*** SUPPLIED MATERIAL Section Begins ***
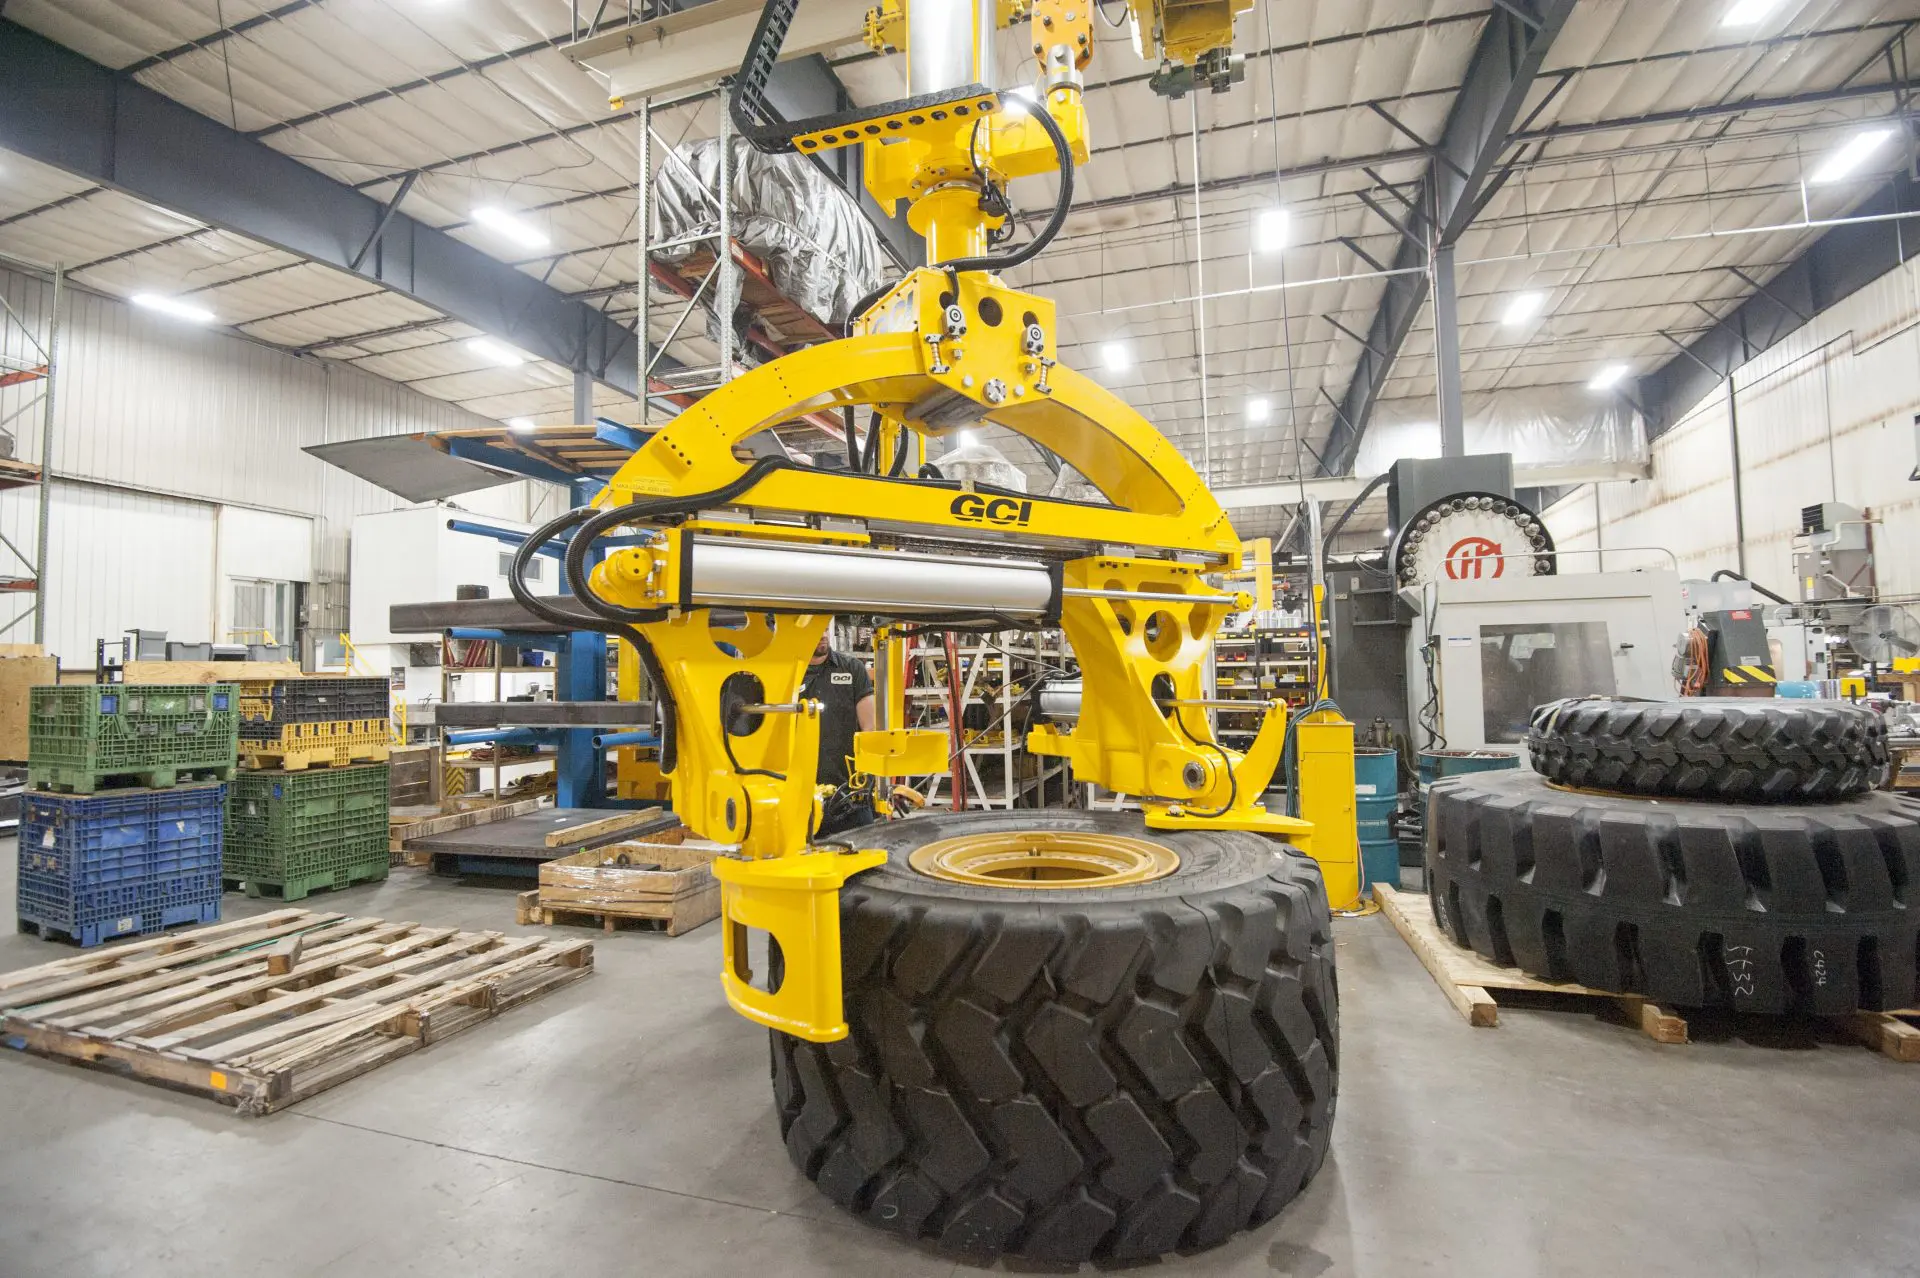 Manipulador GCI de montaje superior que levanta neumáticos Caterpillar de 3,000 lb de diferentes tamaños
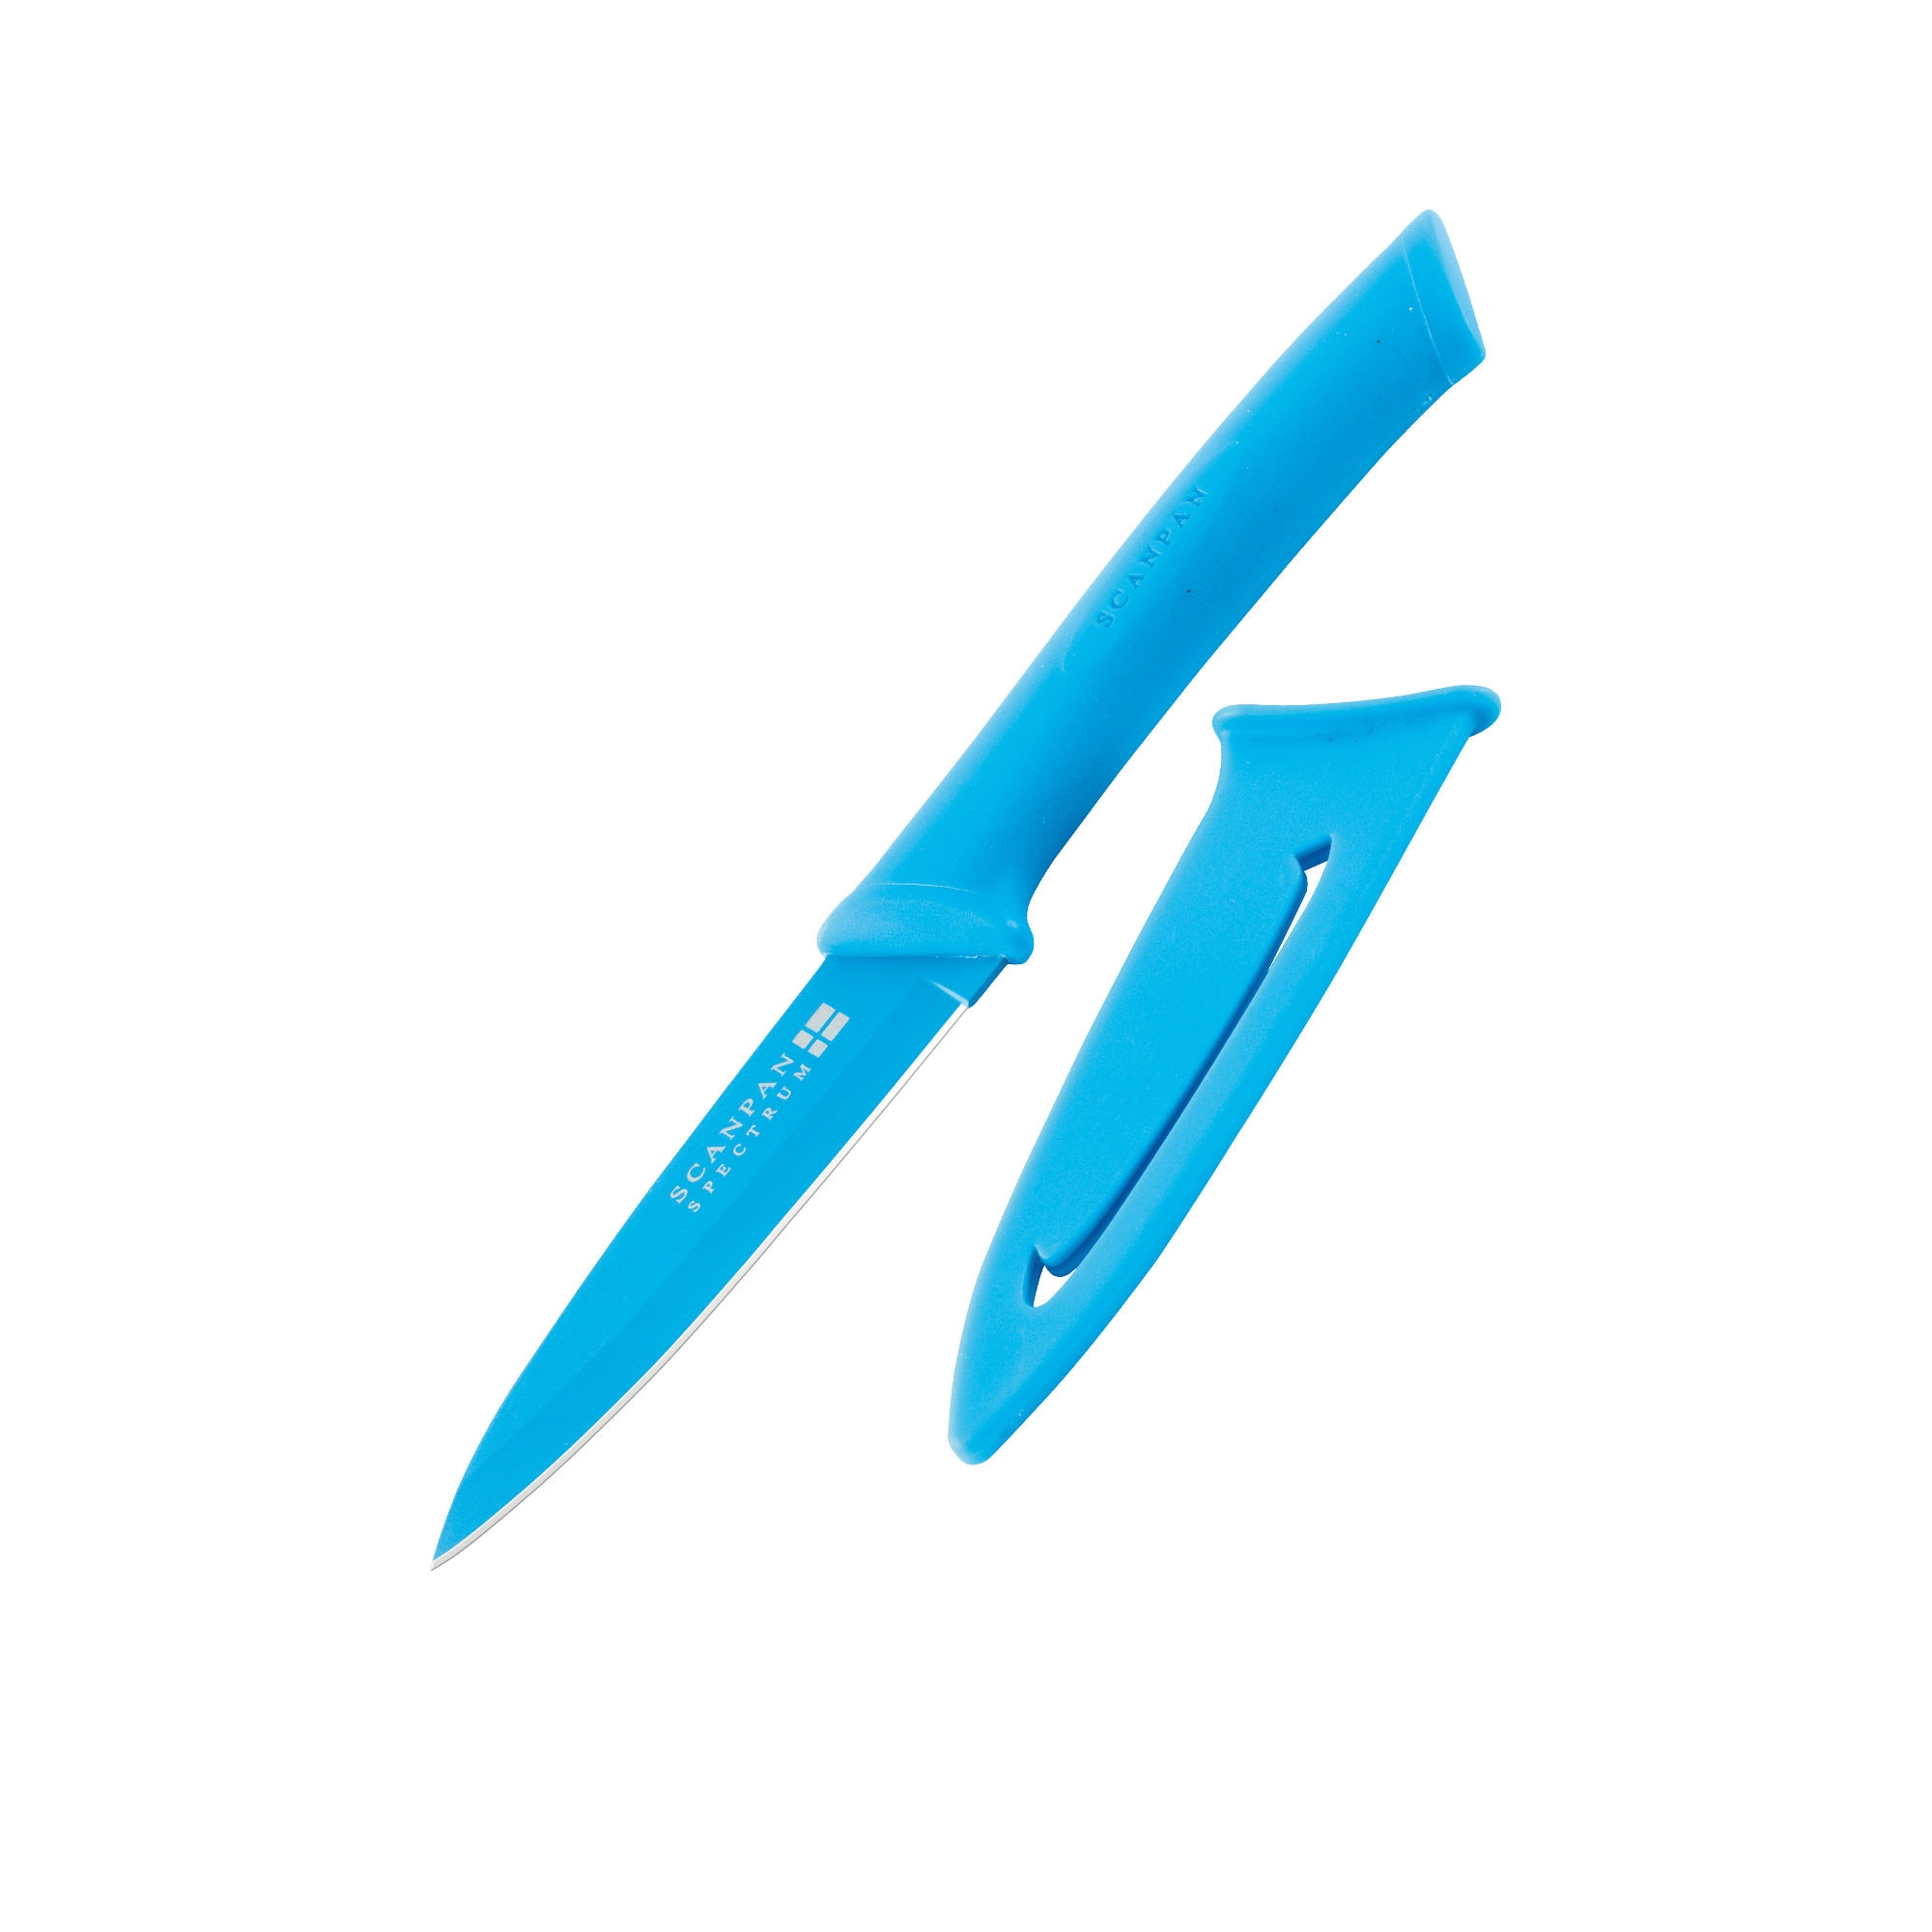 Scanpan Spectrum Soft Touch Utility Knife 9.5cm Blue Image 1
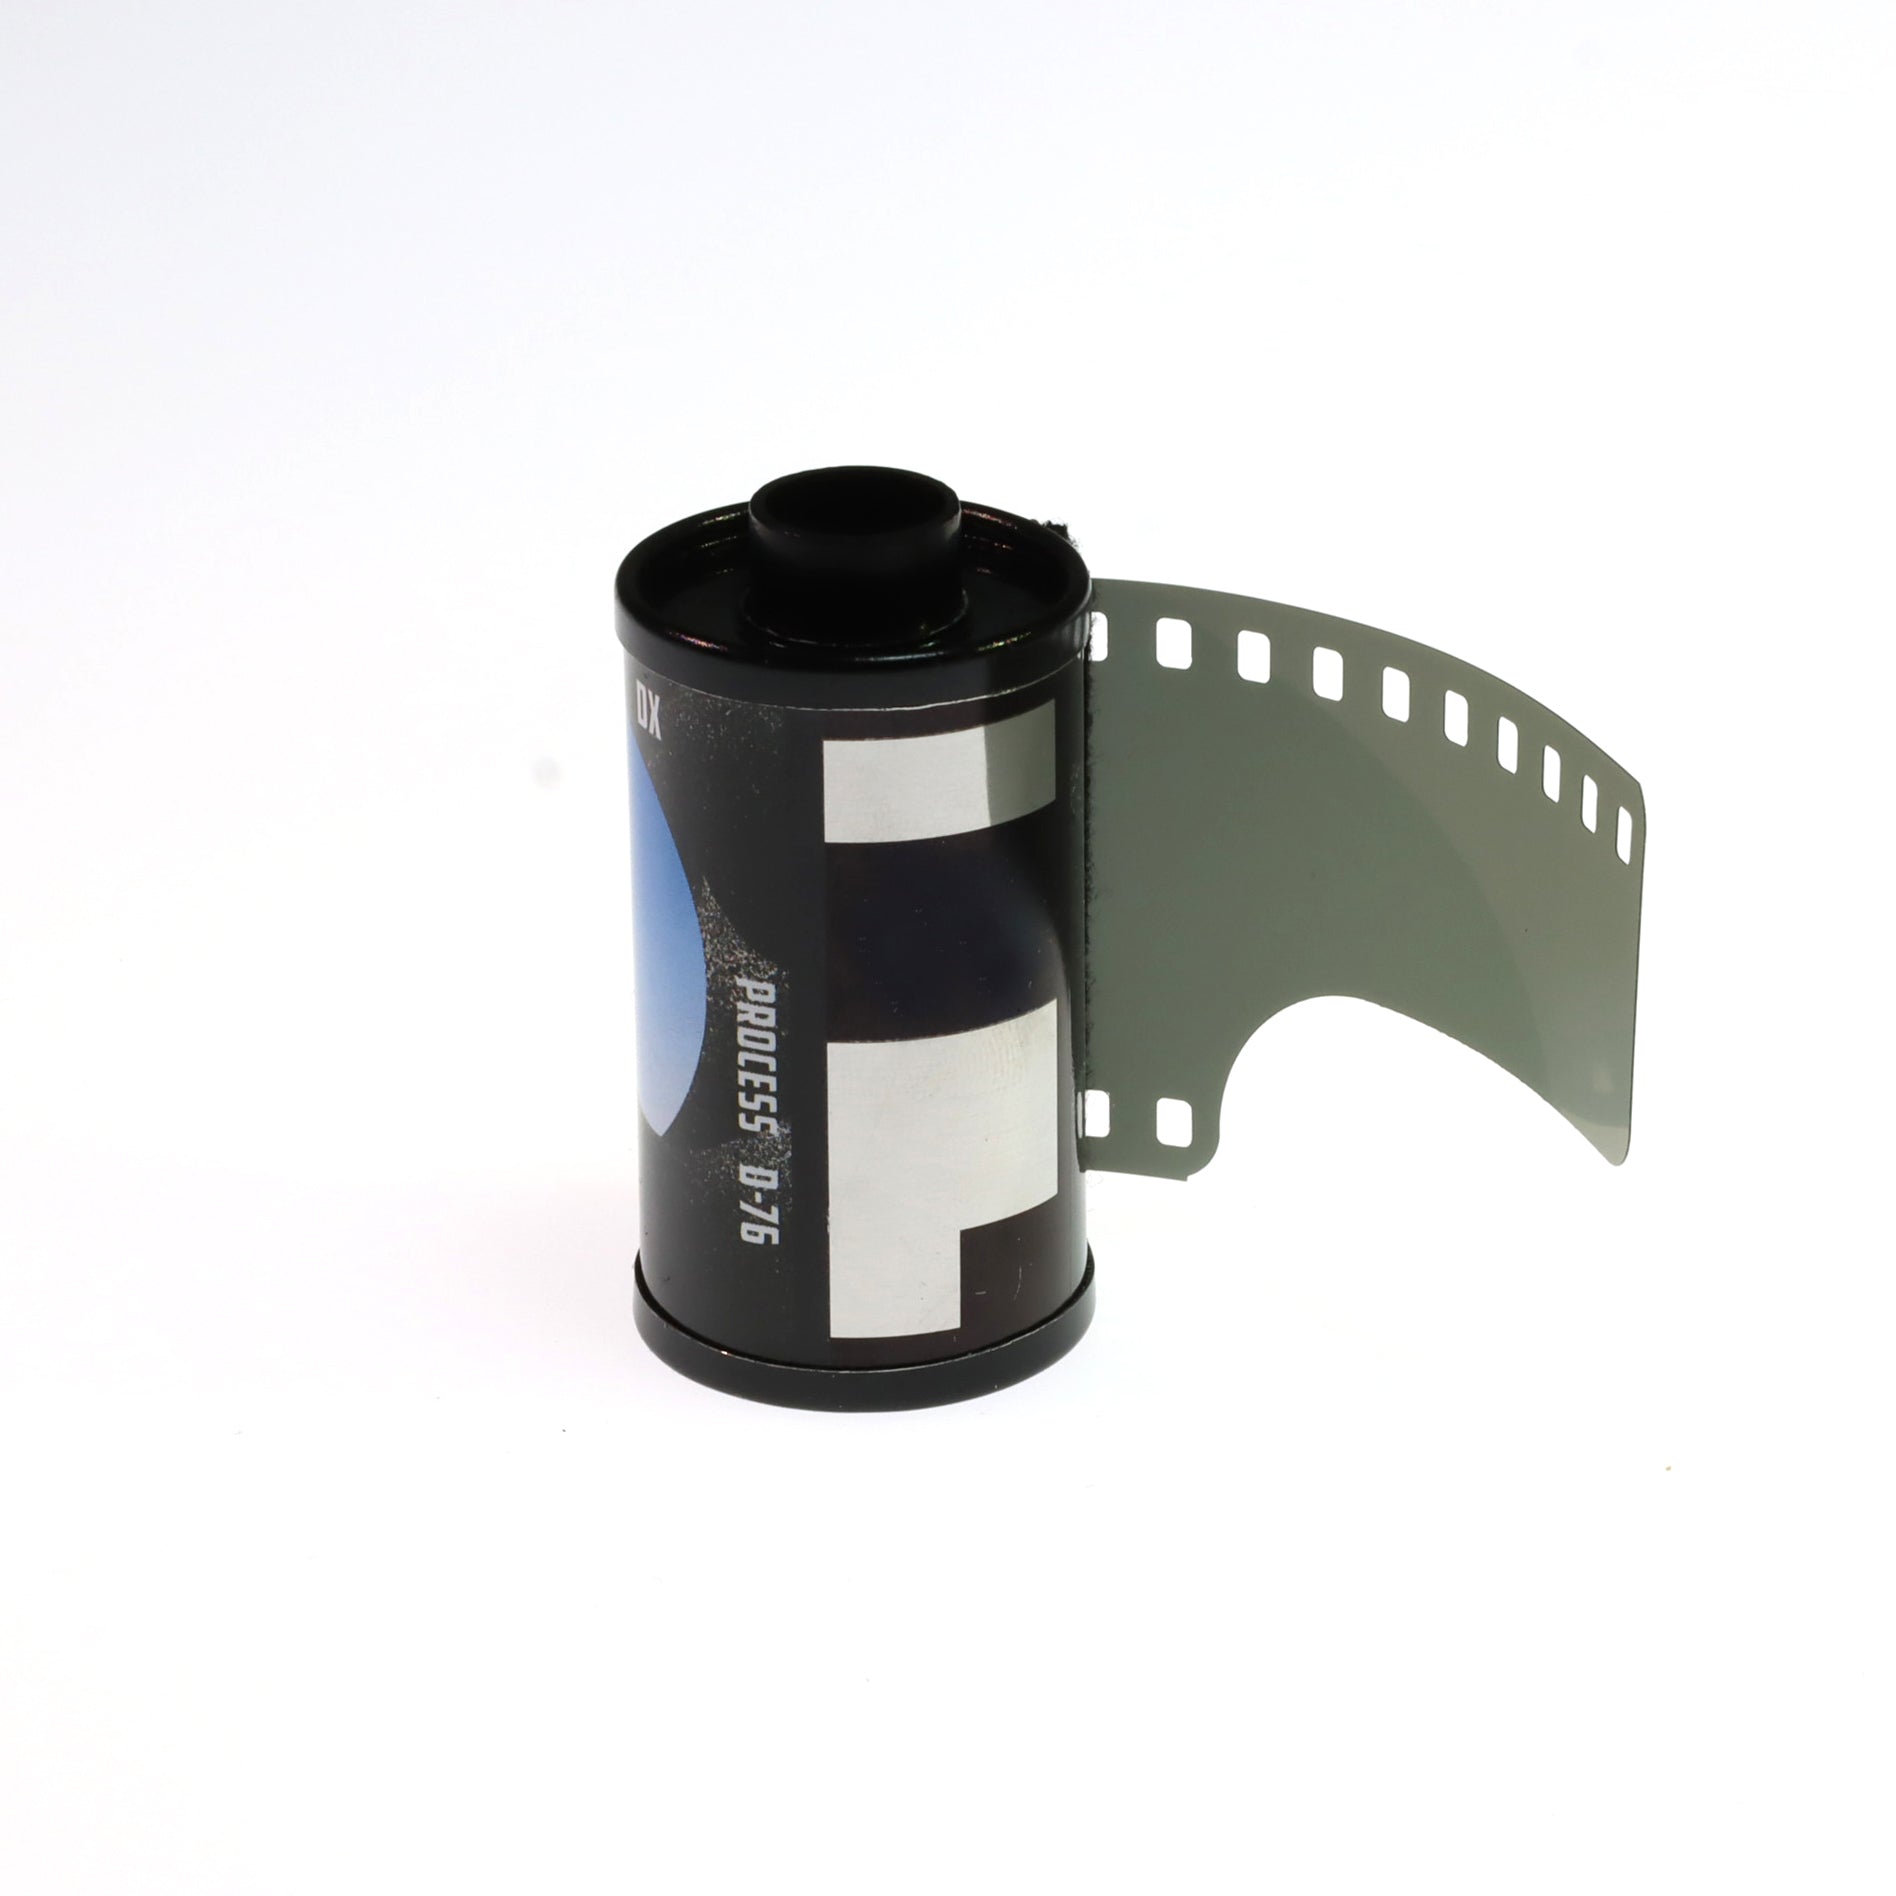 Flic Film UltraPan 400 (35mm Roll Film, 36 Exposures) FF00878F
*** SUPPLIED MATERIAL Section Ends ***
● **REQUIRED ACTION**: Write out an exact copy of the lines beginning at the line that contains "Scanpan Spectrum Soft" and ending at the last line of the listing. Exclude pictures.

● **EXPECTED ANSWER**:
 Scanpan Spectrum Soft Touch Utility Knife 9.5cm Blue Image 1
 Flic Film UltraPan 400 (35mm Roll Film, 36 Exposures) FF00878F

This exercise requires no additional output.